In a triumph for resilience, Aksana Miankova won the Olympic women’s Hammer Throw gold medal for Belarus here tonight, overcoming a history of failure at major championships, a stubborn back injury, and the protests of her mother, who had other ideas for her teenage daughter some years ago.

Miankova lived up to her form this season, highlighted by a throw in June which elevated her to third in the all-time rankings, to deny the considerably more successful Cuban, Yipsi Moreno. While Moreno had taken gold or silver medals at the previous five global championships, Miankova had failed to reach a final in two World and two European Championships.

“My mother didn’t want me to go in for sports because she thought I would waste a lot of effort and sacrifice my health,” Miankova said. “She wanted me to be a doctor. She didn’t want me to be an athlete.” To try to cut down on the arguments, Aksana would go out to train while her mother was at work.

Although the Hammer Throw was not an event for women on either the Olympic or World Championships programme when Miankova took it up, she was still drawn to it.

“At that time I was not aware that the event was not part of the Olympic Games and World Championships and I enjoyed throwing the Hammer,” she said.

It was, after all, better than the alternative sport she had been offered before she was invited by coaches in the Mogilev region to try the hammer. Miankova’s height, and her enthusiasm for sport, made her a top target for the talent spotters.

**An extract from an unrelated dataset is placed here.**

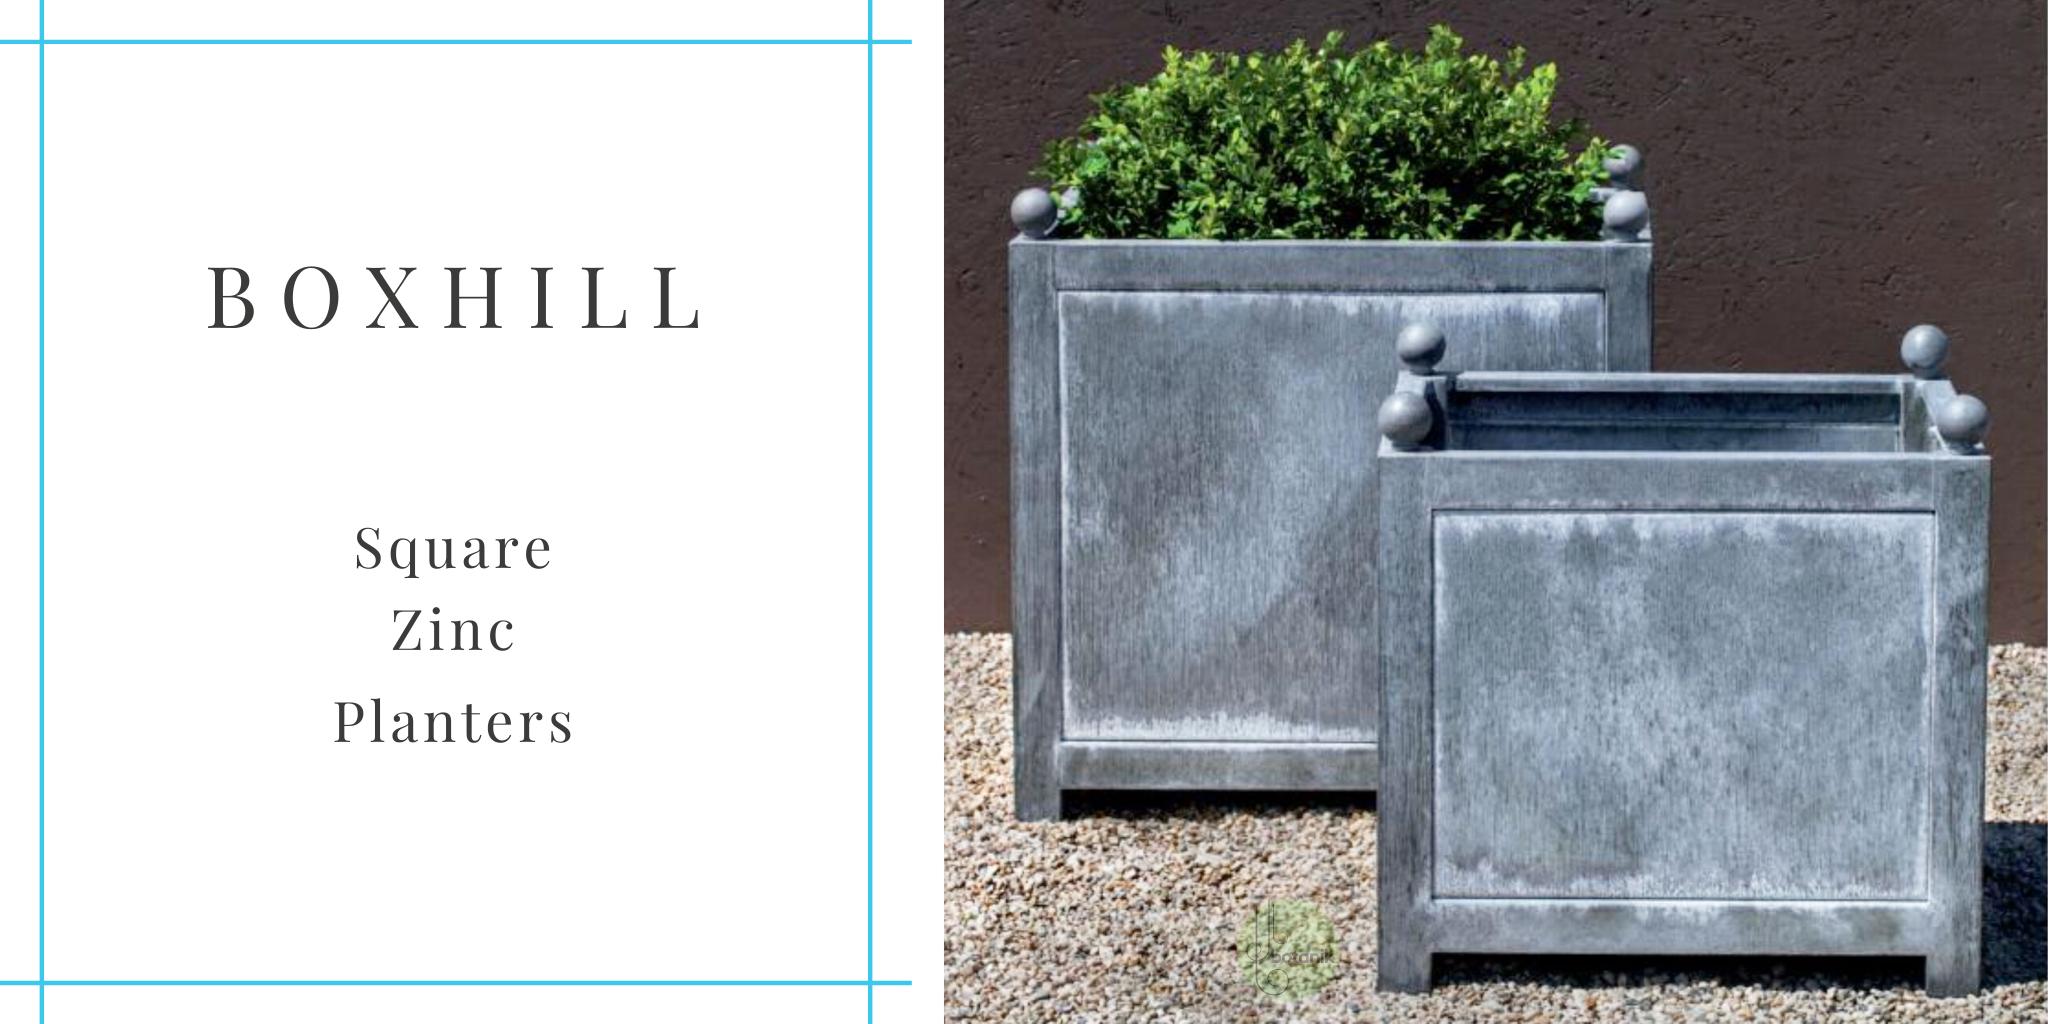 boxhill-square-zinc-planters-by-campania
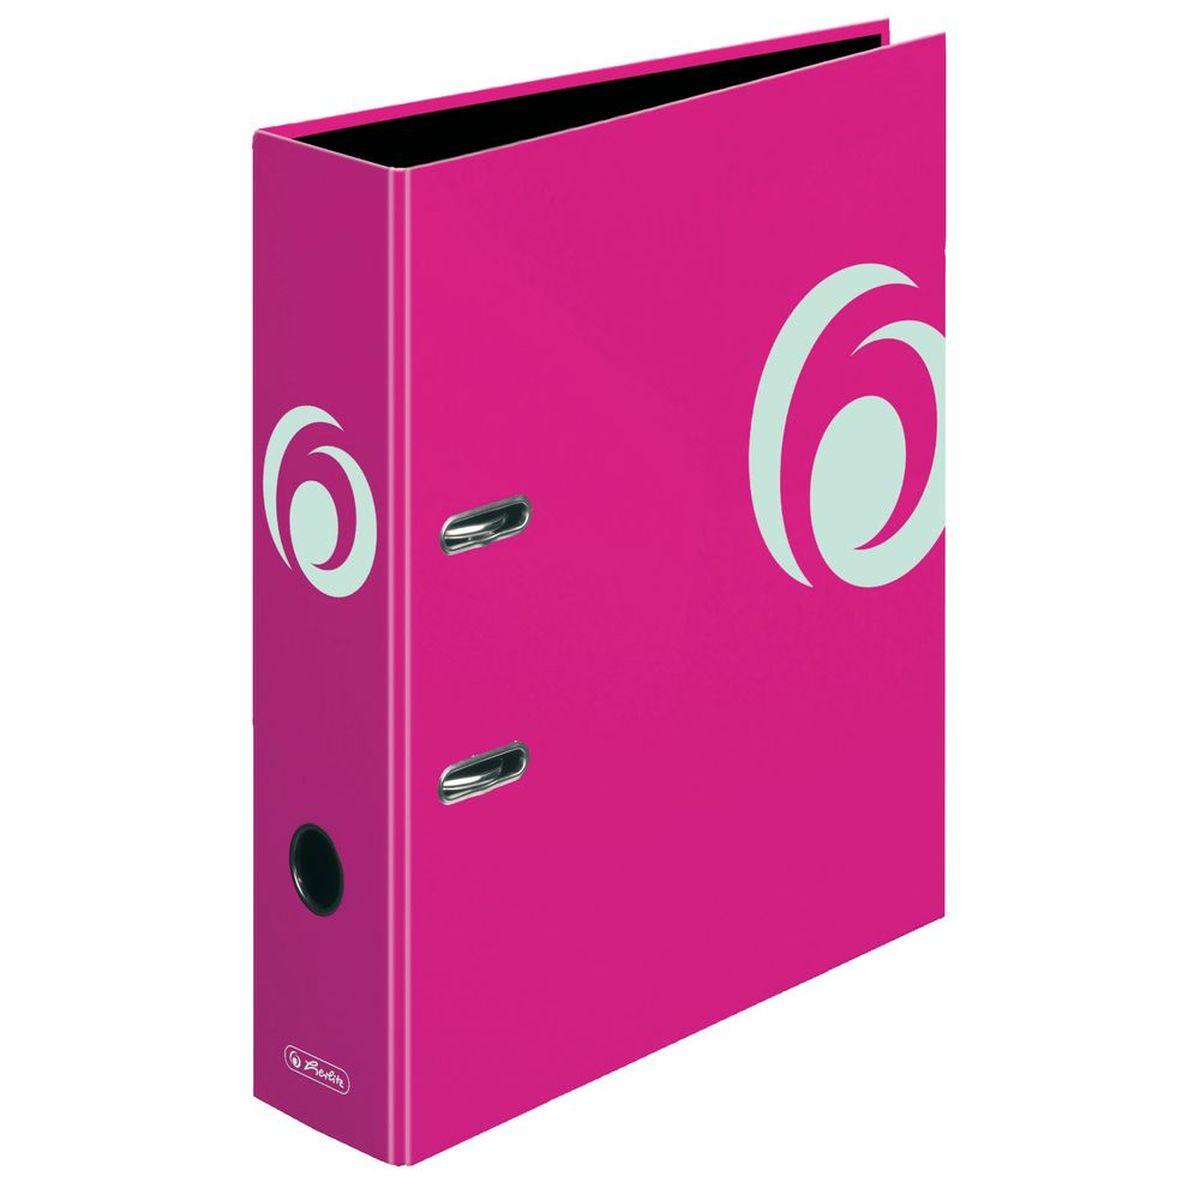 Herlitz Папка-регистратор MaX.file цвет розовый11364320Практичная папка-регистратор Herlitz maX.file предназначена для хранения больших объемов документов. Ее обложка выполнена из ламинированного картона, с отделкой выборочным лаком. Папка оснащена прочным арочным механизмом улучшенного высокого качества с увеличенной прижимной силой. Основа папки изготовлена из прочного FSC-сертифицированного картона.Папка-регистратор значительно облегчает делопроизводство. Яркий розовый дизайн позволит ей стать достойным аксессуаром среди ваших канцелярских принадлежностей.

“I was selected for rowing but, when I arrived at the venue and saw the ice, I didn’t like it,” Miankova said. “So I never did any rowing competition.” Valery Vorontsov, her coach at her sports school in Mogilev, suggested when she was 15-years-old that she try throwing the Hammer and she took to it straight away.

Now aged 26, Miankova has been throwing for 11 years through thick and thin – mainly thin. For many seasons she struggled with health problems until a breakthrough in 2006. Before that season, she had never thrown over 71 metres but in June, in Staiki, just outside Minsk, she broke the Belarus record with 76.86

Miankova believed that she could soon break the World record which, at the time, was held by Russia’s Gulfiya Khanafeyeva at 77.26. However, she hurt her back when she slipped on a wet surface while training in the Shot circle. Such was the consequence that she was fell short of qualifying for the final of the European Championships, in Gothenburg, two months later.

Unable to shrug off her now familiar habit of failing to qualify for finals, Miankova appeared in the 2007 World Championships, in Osaka, without recording a distance. Why the difference now? How, after failing even to reach a final before, had she managed to take the gold medal on her Olympic debut?

“My coach said that, at 25 years of age, you become very smart,” Miankova said.  “Maybe he was right.”

The confidence of a good season behind her helped too. First she won her event at the European Cup, in Annecy, France, then back in Staiki, she threw another national record (77.32) which raised her to third on the all-time list. Her greatest success, prior to this season, was a silver medal at the 2003 European Under-23 Championships.

A first round throw of 74.40 by Miankova proved a distance too far for all her opponents, except Moreno. The Cuban took the lead in the fifth round with a 74.70 effort but Miankova responded, in the same round, with an Olympic record and gold medal throw of 76.34.

“It was a good first attempt but I didn’t feel I was sure of a medal,” Miankova said. “I knew that my opponents were very strong and I expected a higher result from Moreno. There was also a strong girl from Slovakia who was very well prepared (Martina Hrasnova finished eighth) and I thought we would have a tough fight.”

After all she has been through perhaps, for once, Miankova deserved things a little easy.